Rebekah entered the kitchen then. Ever since she had sneaked off and had her nose fixed, Elizabeth was startled whenever she saw her. She looked younger with this new nose, her eyes seemed farther apart, her face thinner.
“Please don’t ever leave me here alone with him again,” she said. She was wearing one of Howard’s sweaters and holding a library copy of Princess Daisy.
>
Elizabeth sank into a chair.
“A guy just called,” Rebekah said. “Dr. Squires.”
“A doctor,” Jesse asked. “Who’s sick?”
“I am,” Elizabeth answered softly.
ONLY A WEEK LATER and the children looked at Elizabeth as if she were a freak. Jesse kept reaching over and touching her hair, then quickly pulling his hand away. Rebekah sat far from her, as if the cancer were contagious. No one said the words cancer or dying out loud. No one said much of anything at all.

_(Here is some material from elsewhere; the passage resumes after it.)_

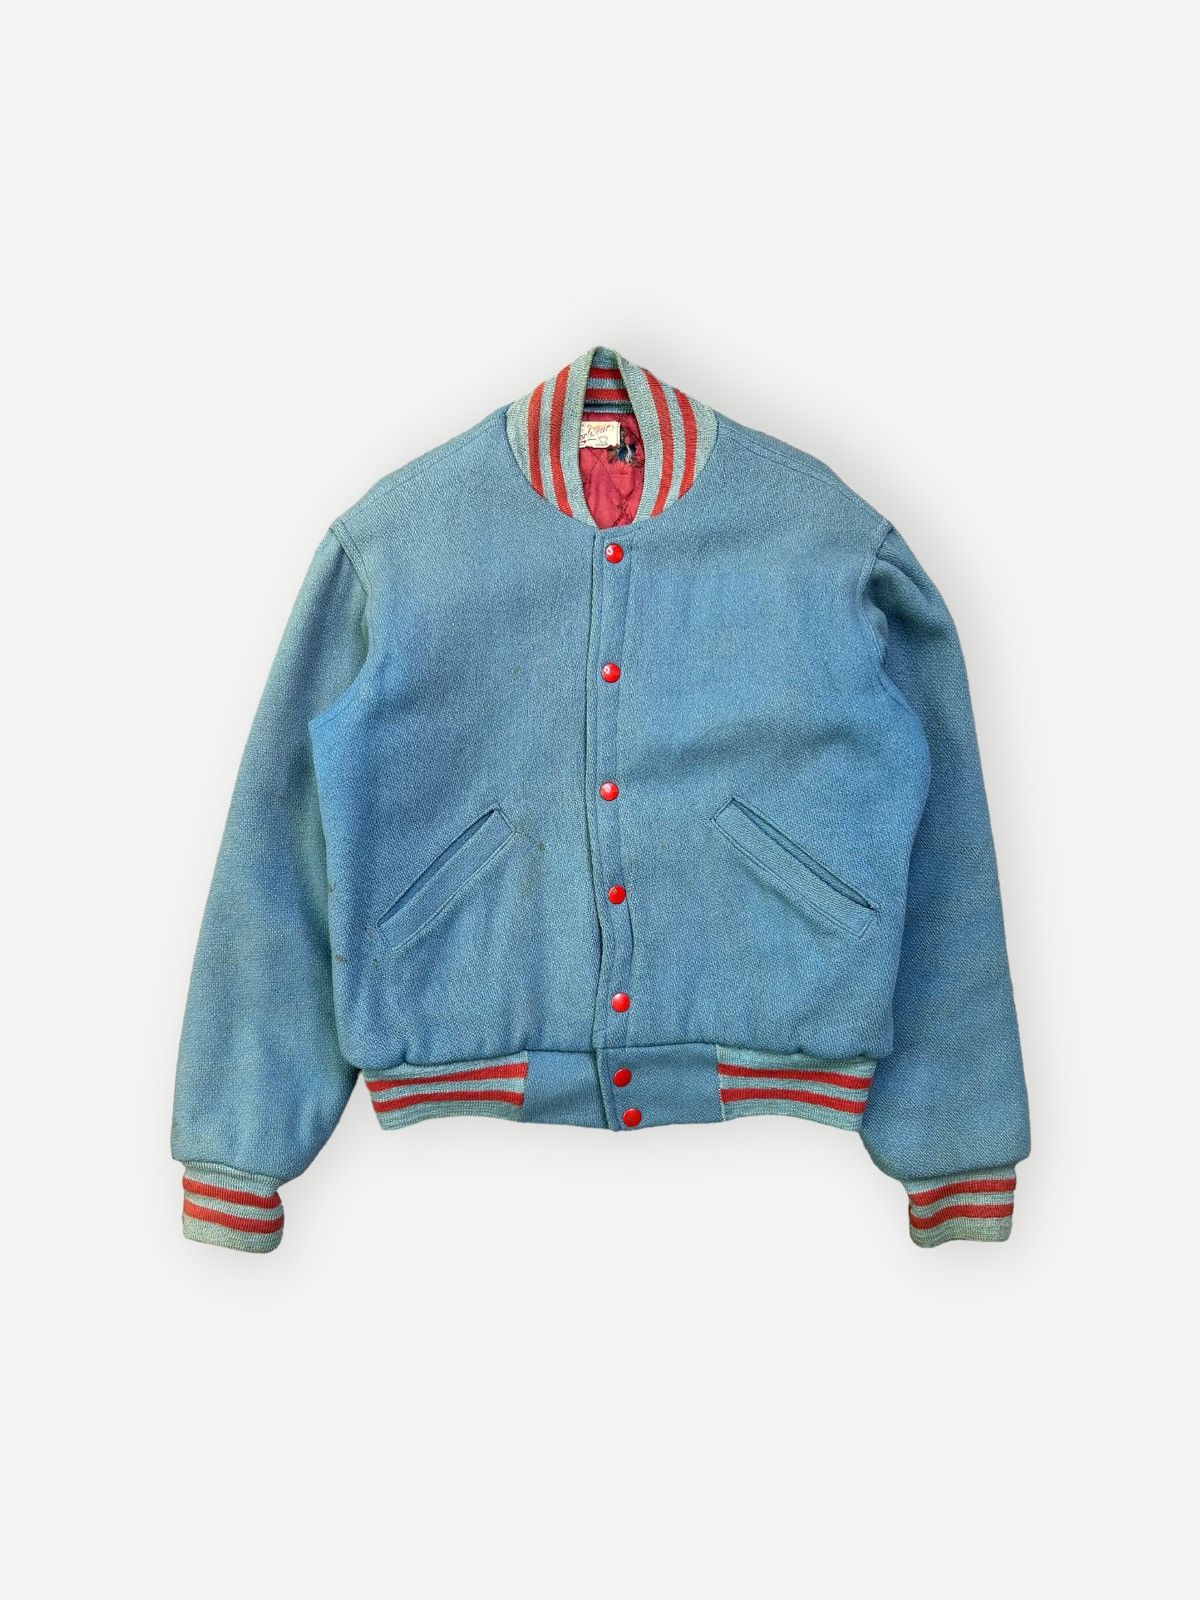 Vintage Vintage 50s/60s Wool Varsity Jacket Quilted Sportwear ...
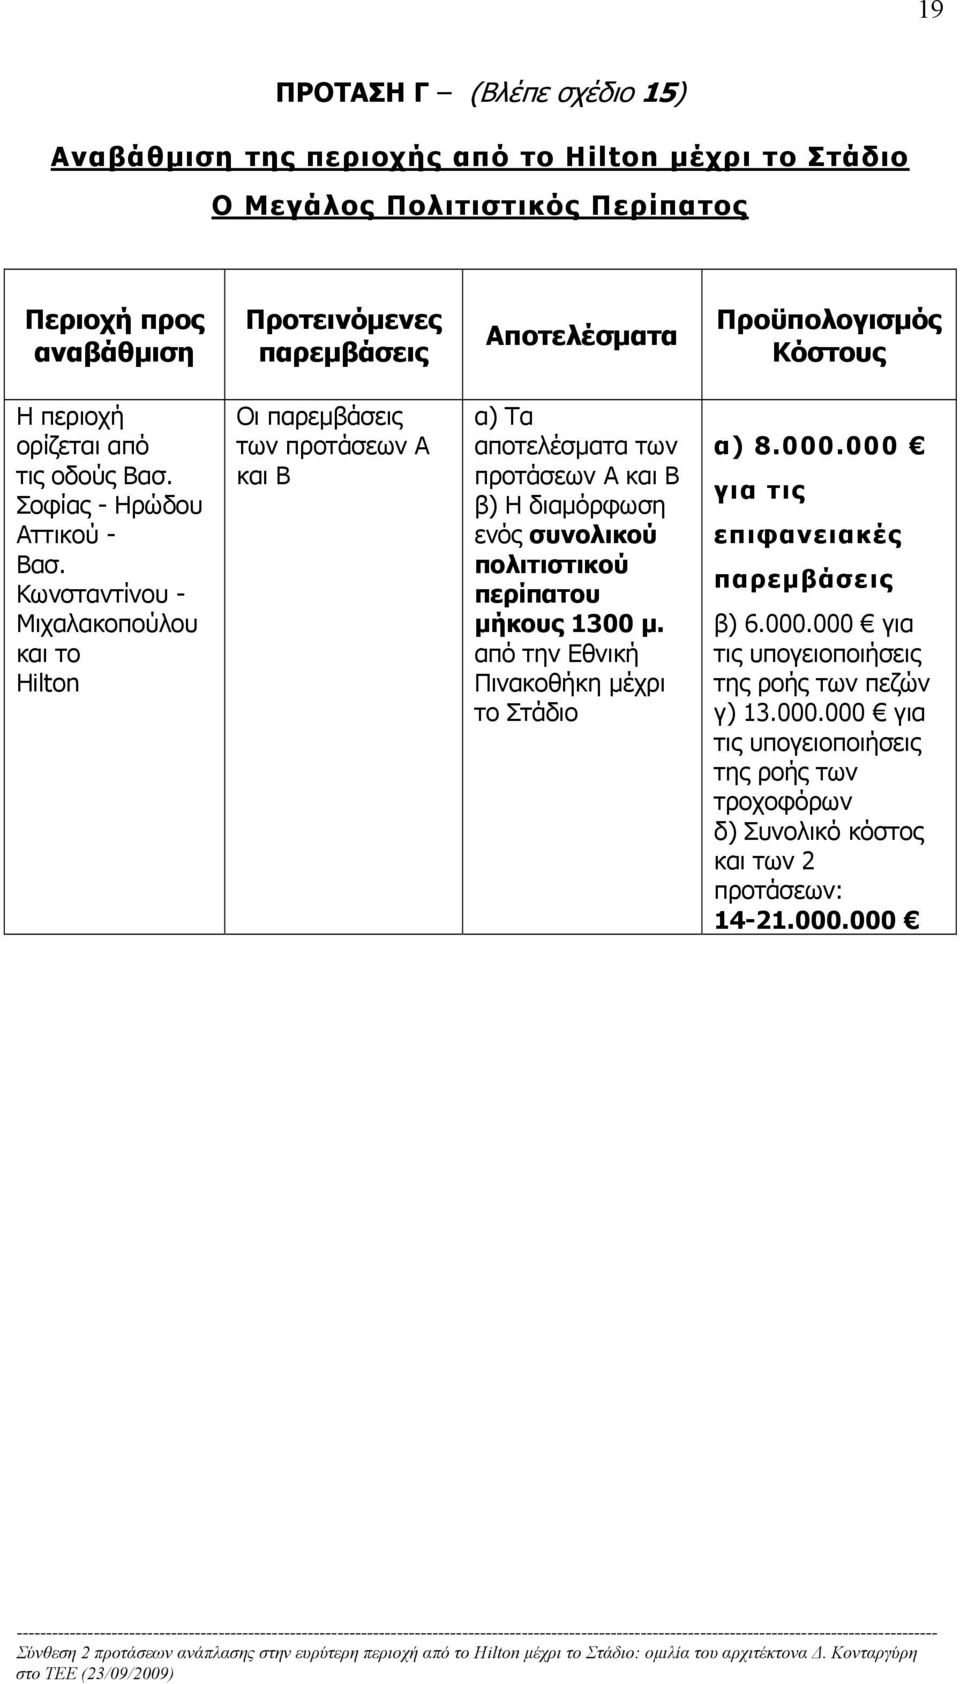 Κωνσταντίνου - Μιχαλακοπούλου και το Hilton Οι παρεμβάσεις των προτάσεων Α και Β α) Τα αποτελέσματα των προτάσεων Α και Β β) Η διαμόρφωση ενός συνολικού πολιτιστικού περίπατου

Elizabeth lay beside Howard in bed. She felt that her life was all behind her now. Nothing was definite or permanent anymore. There may or may not be a remission. In another year she might still be lying in this bed. Maybe she would be here in another two years. Or more. Or less. All the years leading up to this moment seemed like nothing. Growing up, meeting Howard, their life in New York, living on the farm, starting the pottery business, all of it added up to this moment, this time of lying here and trying not to die.
Claudia, 1985•
CLAUDIA WAS UNDER A TREE at the bottom of the hill near the pond where Simon had drowned. Sometimes, if she lay real still—as she was now—she could actually hear the sounds of children laughing and splashing in the water. She could hear the boys, her sons, as they chased and teased Rebekah. Claudia could make herself believe that the sounds were real. She could picture herself in the kitchen of the farmhouse with Elizabeth. The two families still lived together in her daydreams. It is 1974, she imagines. Early summer. And she and Elizabeth are making a pesto sauce. As Claudia chops the dark green basil leaves, their rich smell is released and she inhales deeply. It is so good to be alive, she says.
Claudia liked to imagine she and Simon are having a picnic. The two of them used to sneak away together and go to the pond with a bag full of their favorite treats, things none of the others liked or food that didn’t really go together—sweet gherkins, fig newtons, bananas, applesauce.